Una mujer de 46 años fue detenida en la localidad bonaerense de Lincoln acusada de asesinar a su esposo de 73, luego de que intentara convencer a los investigadores que la víctima falleció durante un robo. Habían contraído matrimonio un año atrás.
Florencio Bearzotti era jubilado y tenía 73 años. Apareció muerto en su casa con 15 puñaladas. A pesar desde que en un primer momento se intentó instalar el móvil del robo, los investigadores detuvieron a una mujer de 46 años con la que se había casado en secreto hace un año atrás.

Lincoln.flv
El brutal crimen se descubrió el domingo al mediodía. Fue la detenida, de 46 años, quien salió a los gritos de la vivienda de Almirante Brown al 100 porque había encontrado el cuerpo del jubilado a metros de la puerta de calle de la casa.
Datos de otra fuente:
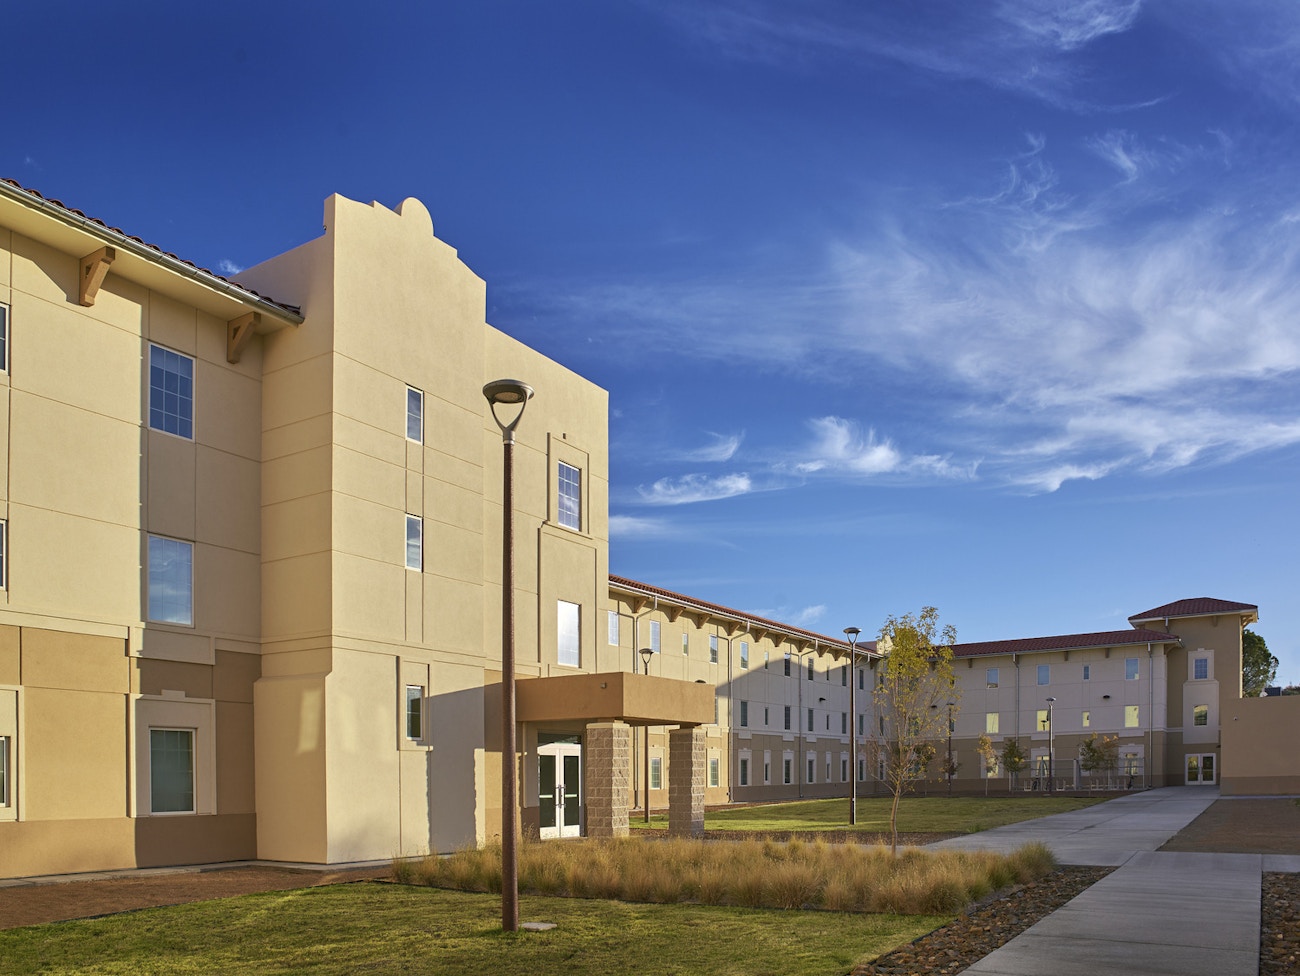                         NMSU New Residence Hall
                    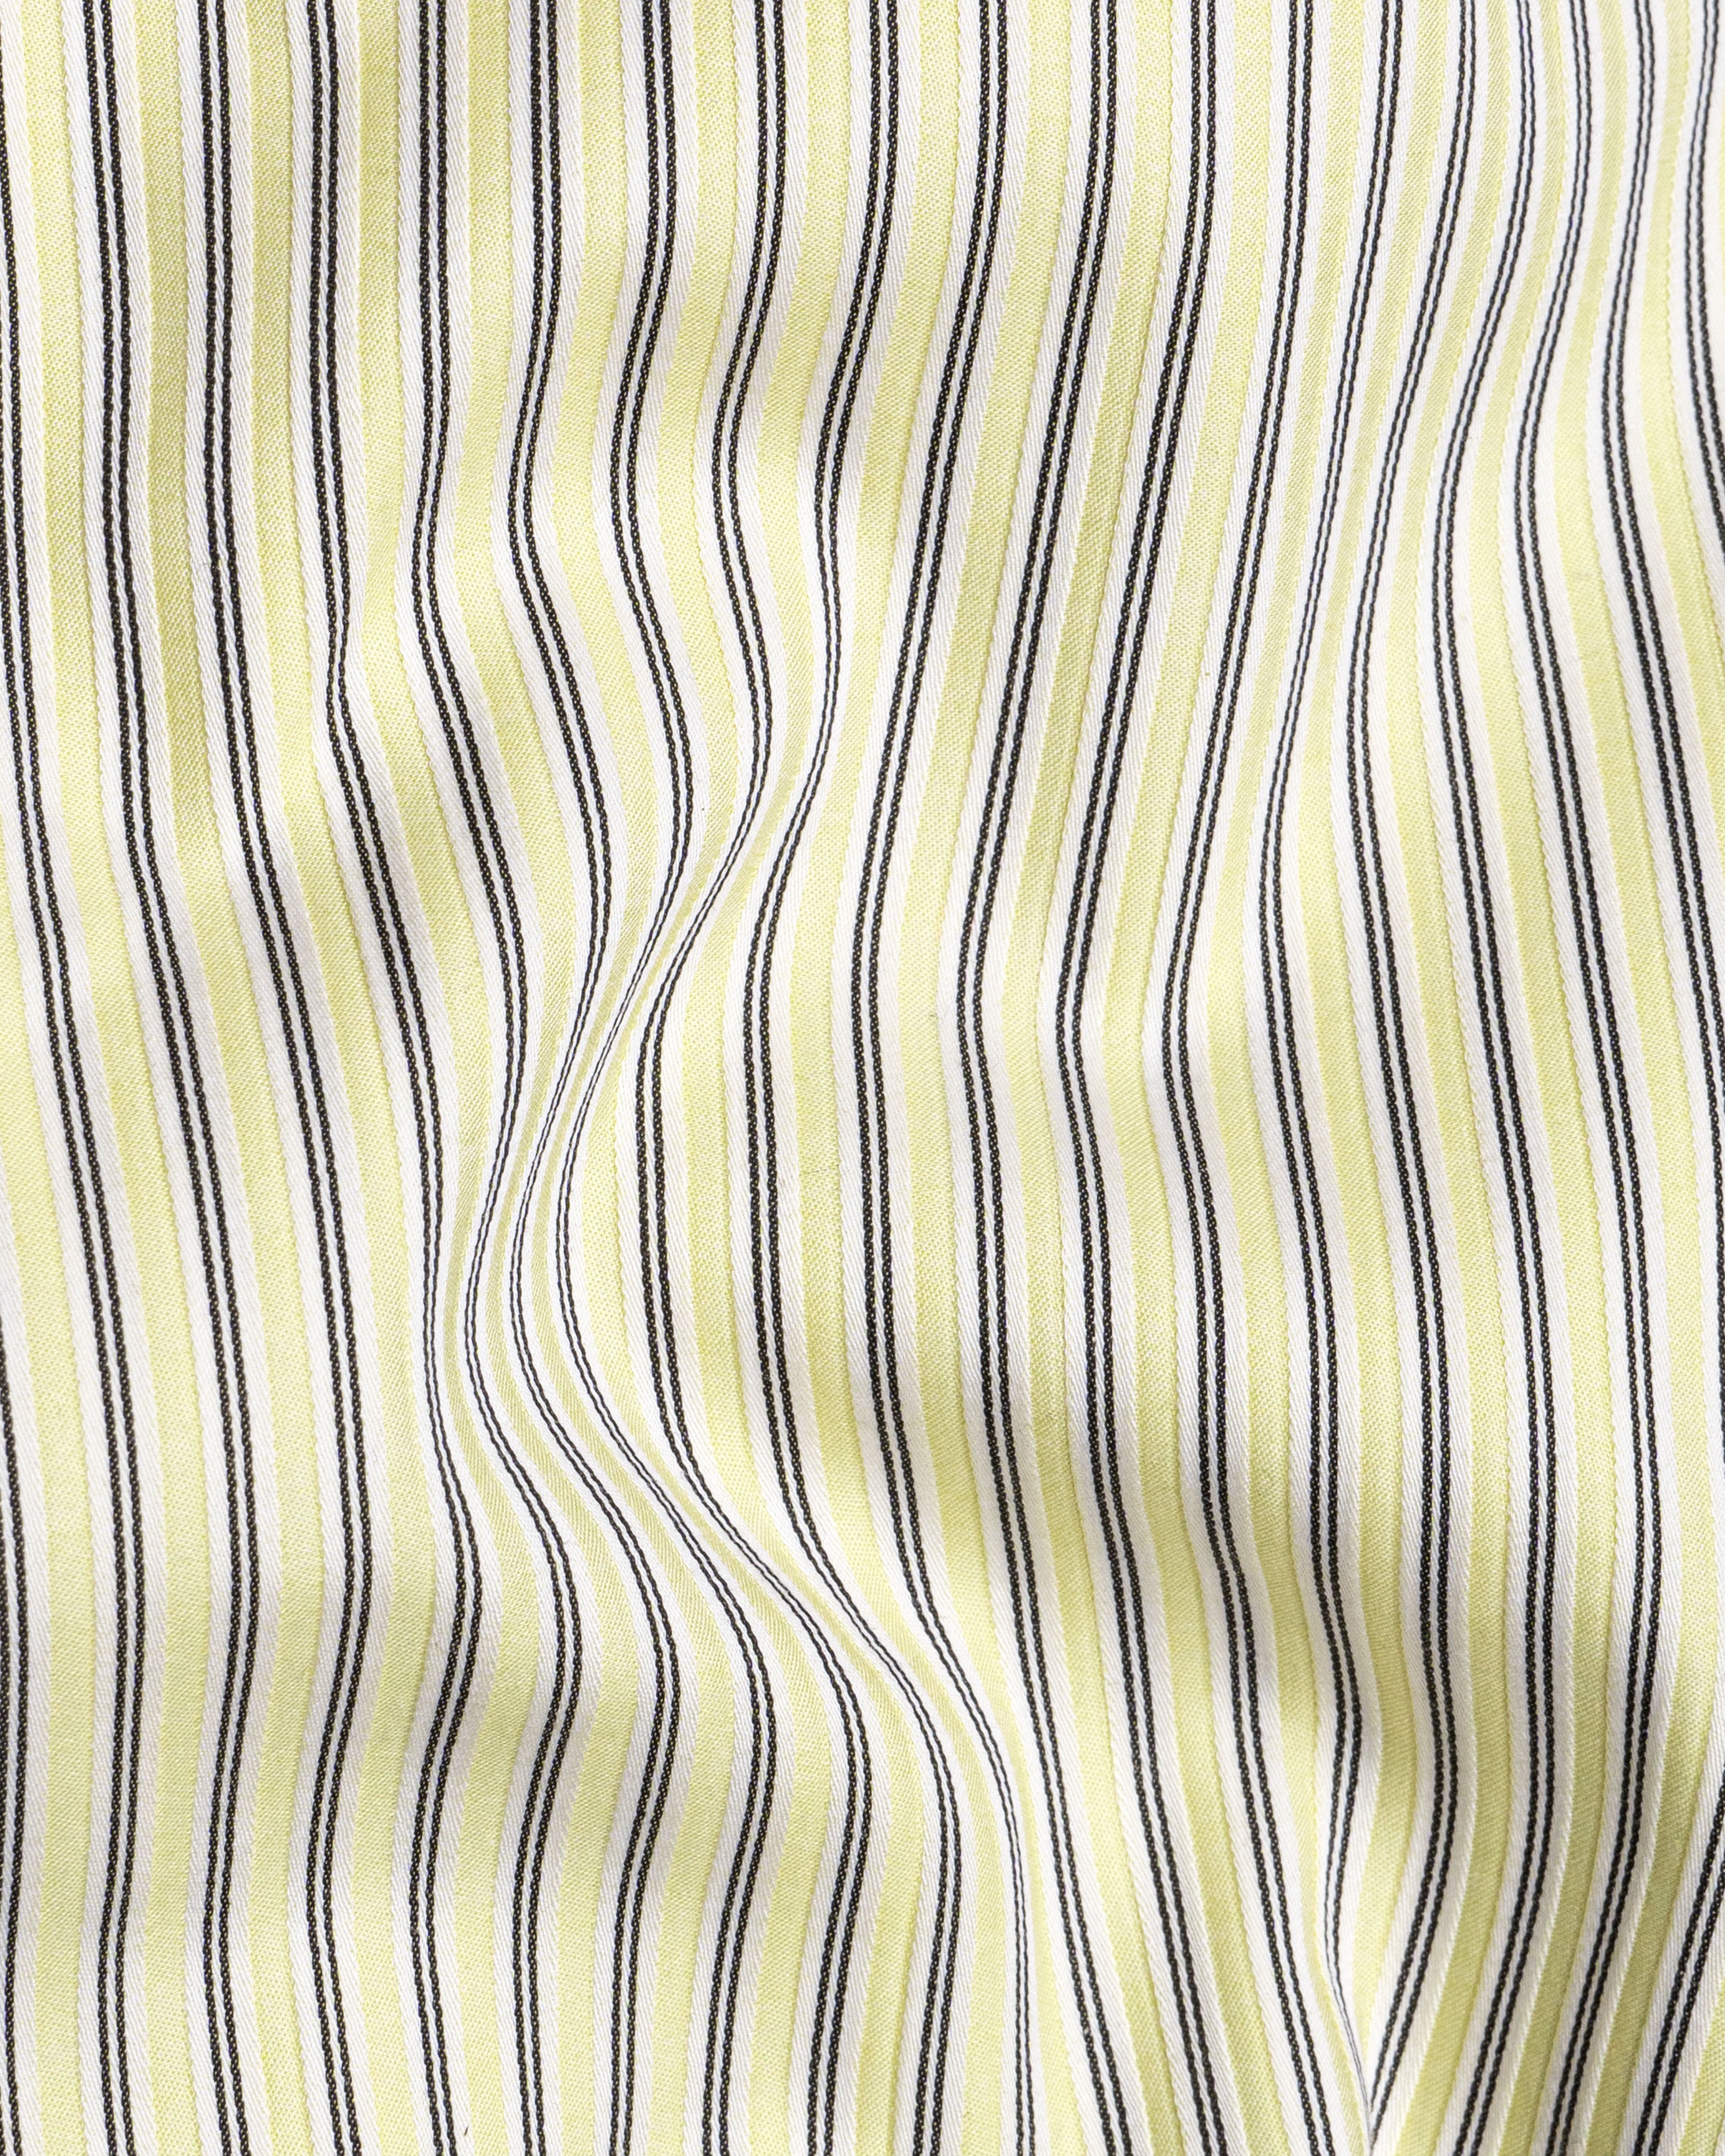 Colonial Beige Striped Dobby Premium Giza Cotton Designer Shirt  8753-P254-38,8753-P254-H-38,8753-P254-39,8753-P254-H-39,8753-P254-40,8753-P254-H-40,8753-P254-42,8753-P254-H-42,8753-P254-44,8753-P254-H-44,8753-P254-46,8753-P254-H-46,8753-P254-48,8753-P254-H-48,8753-P254-50,8753-P254-H-50,8753-P254-52,8753-P254-H-52

Según fuentes policiales, la vivienda del jubilado estaba desordenada y los cajones del placard habían sido revueltos. Por eso, en un principio se creyó que se trataba de un robo.

Sin embargo, el testimonio de la mujer hizo sospechar a los investigadores. Dijo que a la hora del crimen estaba en otro lugar pero luego se comprobó que no era cierto.

Ante esa situación, la esposa del hombre fue aprehendida como sospechosa de haber participado en el homicidio, aunque los investigadores procuraban determinar si hubo otras personas que también cometieron el ataque. Un hombre vinculado a la mujer estaría también demorado.

Una fuente del caso reveló que el año pasado la pareja se casó con el objetivo de que la mujer cobrara una pensión como viuda en caso que Bearzotti falleciera.

En la comisaría local se instruyeron actuaciones por "homicidio" y tomó intervención el fiscal Angel Quidiello, titular de la UFI 7.